This project is designed to be compatible across all major desktop/server OSes:

| Platform | Rust crate build | FFI artifacts | Notes |
|---|---|---|---|
| Linux | Supported | Supported (`.so`, `.a`) | Primary native flow |
| macOS | Supported | Supported (`.dylib`, `.a`) | Standard clang/ld toolchain |
| Windows | Supported | Supported (`.dll`, `.lib`) | MSVC/MinGW depending on toolchain |

General requirements:
- Rust stable toolchain
- C/C++ toolchain when consuming FFI outputs
- Platform-specific linker/runtime setup for shared libraries

## Build and artifacts

Build:

```bash
cargo build
cargo build --release
```

With current crate config, release builds can emit Rust + native artifacts according to platform/toolchain (`rlib`, `cdylib`, `staticlib`).

## Generate and validate a sample `.rnn`

Generate:

```bash
cargo run --example generate_sample_model -- /tmp/sample.rnn
```

Sanity-check:

```bash
ls -lh /tmp/sample.rnn
xxd -l 4 /tmp/sample.rnn
```

Expected dense header bytes correspond to `RMD1`.

## FFI integration lifecycle

C header: [include/rnn_ffi.h](include/rnn_ffi.h)

Recommended host flow:
1. `rnn_ffi_api_version` / `rnn_ffi_is_abi_compatible`
2. `rnn_ffi_model_create_from_bytes_v1`
3. `rnn_ffi_model_get_info`
4. `rnn_ffi_model_run_dense` or `rnn_ffi_model_run_dense_batch`
5. `rnn_ffi_model_destroy`

## Performance notes

- Dense forward cost is dominated by matrix-vector products per layer.
- For dense stacks, per-sample compute is approximately proportional to:

$$
\sum_{l=1}^{L} (\text{in}_l \times \text{out}_l)
$$

- Batch mode reuses the same plan and alternates scratch lanes for better locality.
- Scratch requirements scale with `batch_size * max_layer_width * 2` in the current engine path.
- Quantization and runtime estimation modules can be used to pre-plan deployment budgets.

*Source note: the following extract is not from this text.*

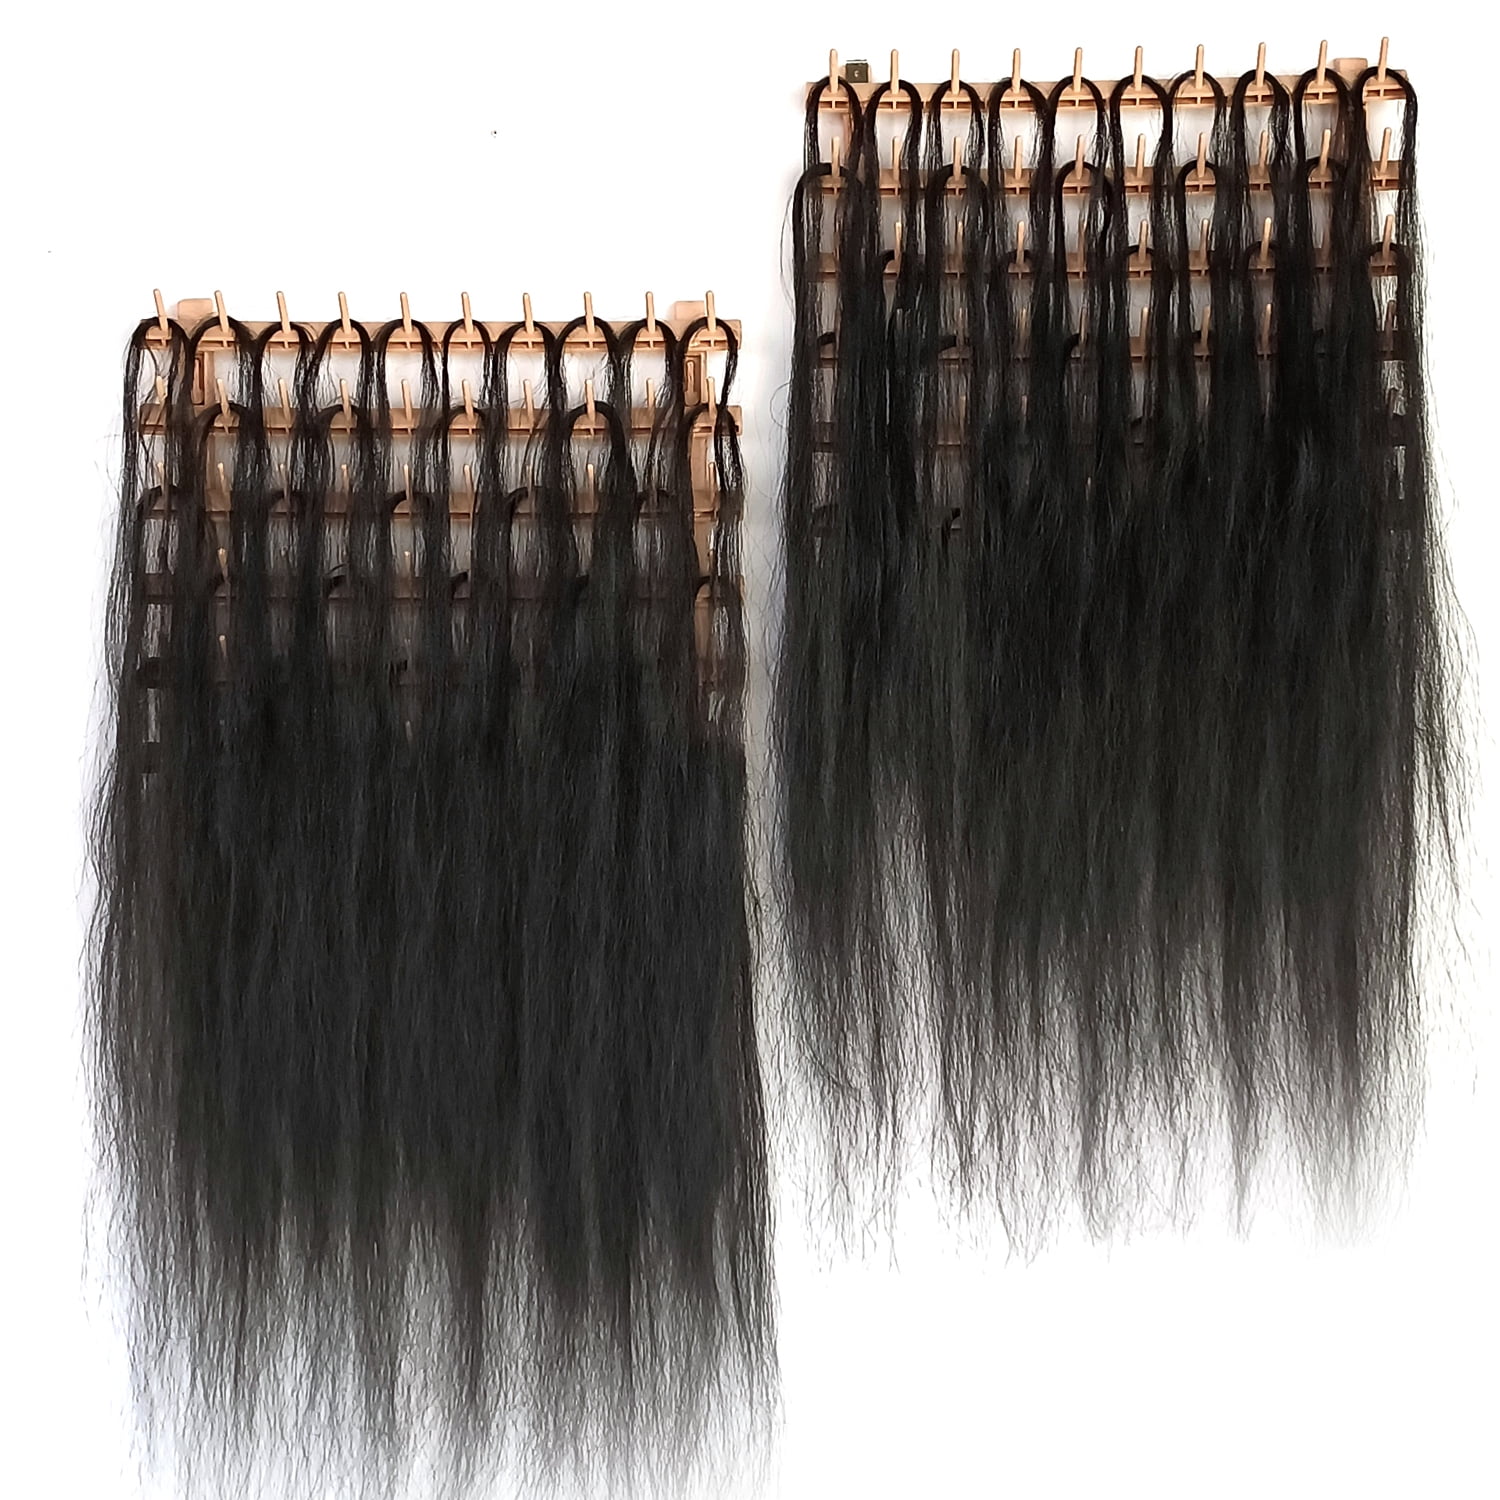 Braiding Hair Rack Braid Rack 120 Pegs Non-slip Hair Rack for Braiding Hair,  Double Sides Braid Hair Holder Stand with Hair Braiding Tools and Supplies  (120 Spool -wood color）

## Security and safety notes

- Never trust external model bytes by default.
- Always validate incoming payloads before inference (`required_*` and decode checks).
- Keep ABI checks enabled in cross-language hosts (`rnn_ffi_is_abi_compatible`).
- Treat model files as untrusted input in service contexts (sandbox, size limits, resource guards).
- Keep `check_abi_contract.sh` in CI if you publish FFI artifacts.

## Versioning and stability policy

- Rust crate API should follow semantic versioning for public surface changes.
- C ABI changes should be treated as compatibility-sensitive and version-gated.
- Model format changes (`RMD1`) should be versioned explicitly and decoded defensively.
- Breaking changes should be documented in release notes and migration guidance.

## Project validation scripts

- [scripts/check_abi_contract.sh]scripts/check_abi_contract.sh: validates expected ABI symbols
- [scripts/prod_ready_check.sh]scripts/prod_ready_check.sh: broad production-style checks

Note: `prod_ready_check.sh` references optional wrapper ecosystems (`wrappers/python`, `wrappers/javascript`, `wrappers/java`, `wrappers/cpp`) and related tooling.

## Subtleties and design constraints

These are important, non-obvious project subtleties:

1. **`no_std` core behavior**
   The crate is intentionally low-level and optimized for explicit runtime control.

2. **Dual format domain (`RMD1` and `RNN\0`)**
   Dense serialization and runtime blob parsing are separate concerns and must be selected deliberately per pipeline.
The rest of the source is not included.